Keith Nunes
Moody’s Investors Service forecasts that in the next 12 to 18 months the EBIT (earnings before interest and taxes) of the U.S. packaged foods sector will grow 4 per cent to 4.5 per cent, and the ratings agency has given the category a rating of stable. That’s the good news. What should be of concern is that Moody’s says cost reduction will be the principal driver of profitability during that period.

Cost reduction is a core element of any business, but when it is the leading driver of profit growth, alarm bells should sound. Several reasons help explain why packaged foods companies are facing this situation, including flat to slow growth in developed markets, dramatic changes unfolding across the retail and food service sectors, and increased competition from smaller, more agile and on-trend packaged foods companies.
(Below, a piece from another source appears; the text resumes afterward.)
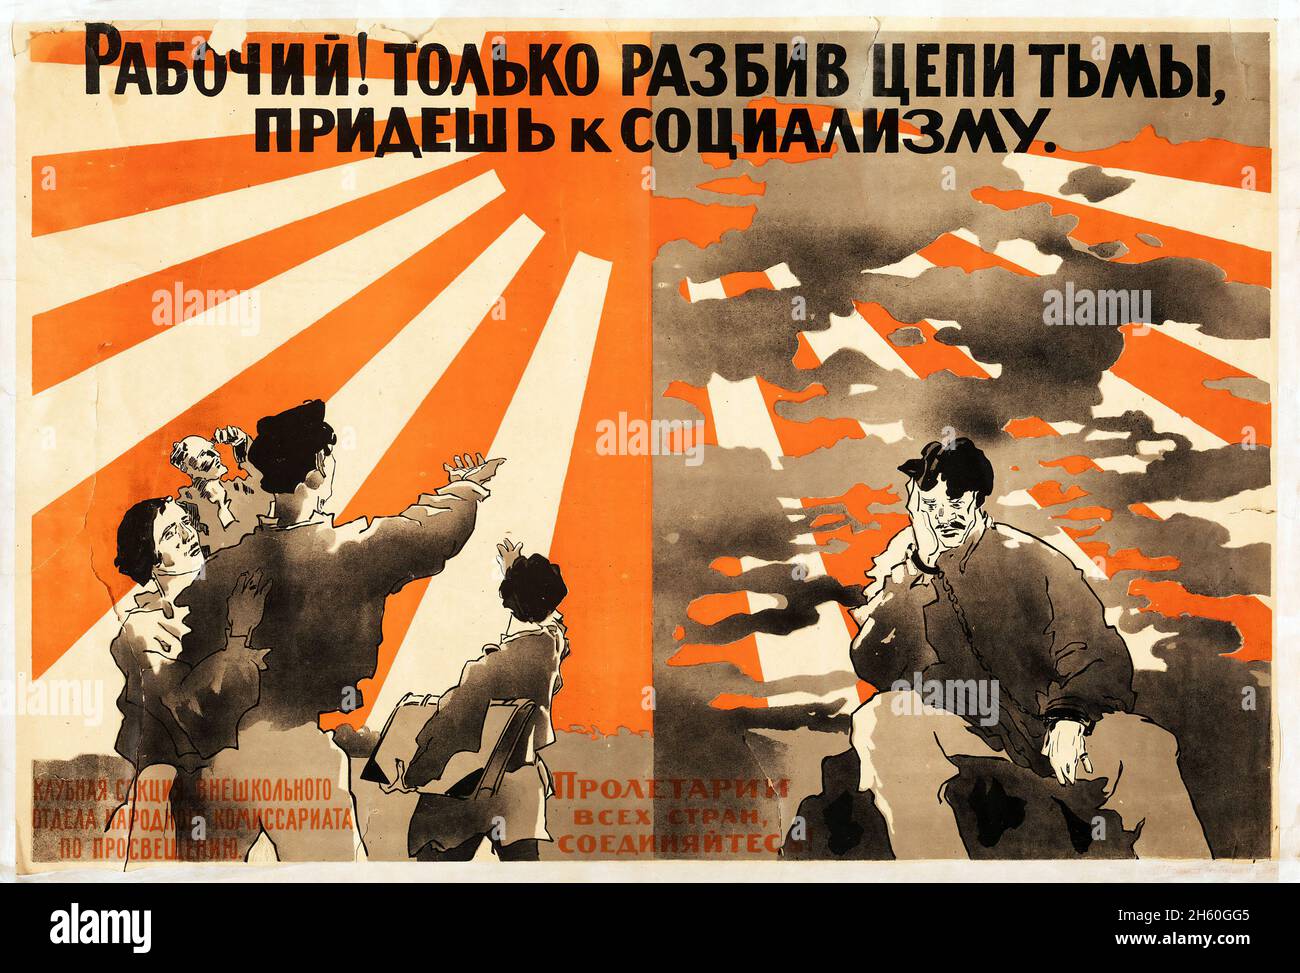 Worker! Only After Breaking the Chains of Darkness Will You Come to Socialism! (1919) Russian propaganda. Stock Photo

While Moody’s sees cost reduction programs throughout the U.S. packaged foods industry continuing through 2018 and into 2019, the ratings agency forecasts the benefits will be less significant than in 2017 as programs implemented by some of the largest companies wind down. A critical issue for industry executives will be how the savings will be reinvested to generate future sales and profit growth.

One area in need of attention at some companies is information technology. A new study by the Grocery Manufacturers Association in conjunction with the Boston Consulting Group titled Accelerating Digital Innovation in C.P.G. assesses the state of information technology departments of consumer-packaged goods companies. This report represents the third iteration of the project. It began in 2013 and has been conducted every other year since.

The study shows that while information technology departments are making progress in reducing operating costs when compared to earlier survey results, few companies stand out as innovators.

“I.T. innovation in C.P.G. companies is best measured by the breadth and level of digital investments, the extent of direct-to-consumer activities, the application of advanced analytics and the use of innovation accelerators,” the study said. “Many C.P.G. companies have made investments in these areas, but few have done so in a comprehensive way that has allowed them to break from the pack.”

The study shows that four years ago, 32 per cent of all C.P.G. companies participating in the study were characterized as “frugal spenders,” meaning information technology operating expenditures accounted for 1.4 per cent of revenue or less. Today, 51 per cent of the companies participating in the survey fall into the frugal category.

A decline in the costs of some digital technologies is one reason companies are spending less on information technology. Another reason may be that management is not keeping pace with the future needs of their companies. Whether it is related to consumer engagement; data collection; management and mining; front-end applications for the merchandising and selling of products; or back-end functions required for the efficient management of production, transportation, logistics and inventory, digital technologies are becoming critical components to the growth and profitability of any business.

The business of selling consumer-packaged goods is evolving at a breakneck pace. Future success in this dynamic market requires investment in the technologies needed to generate the consumer insights that lead to more robust innovation, and the systems necessary for the operation of an optimized supply chain.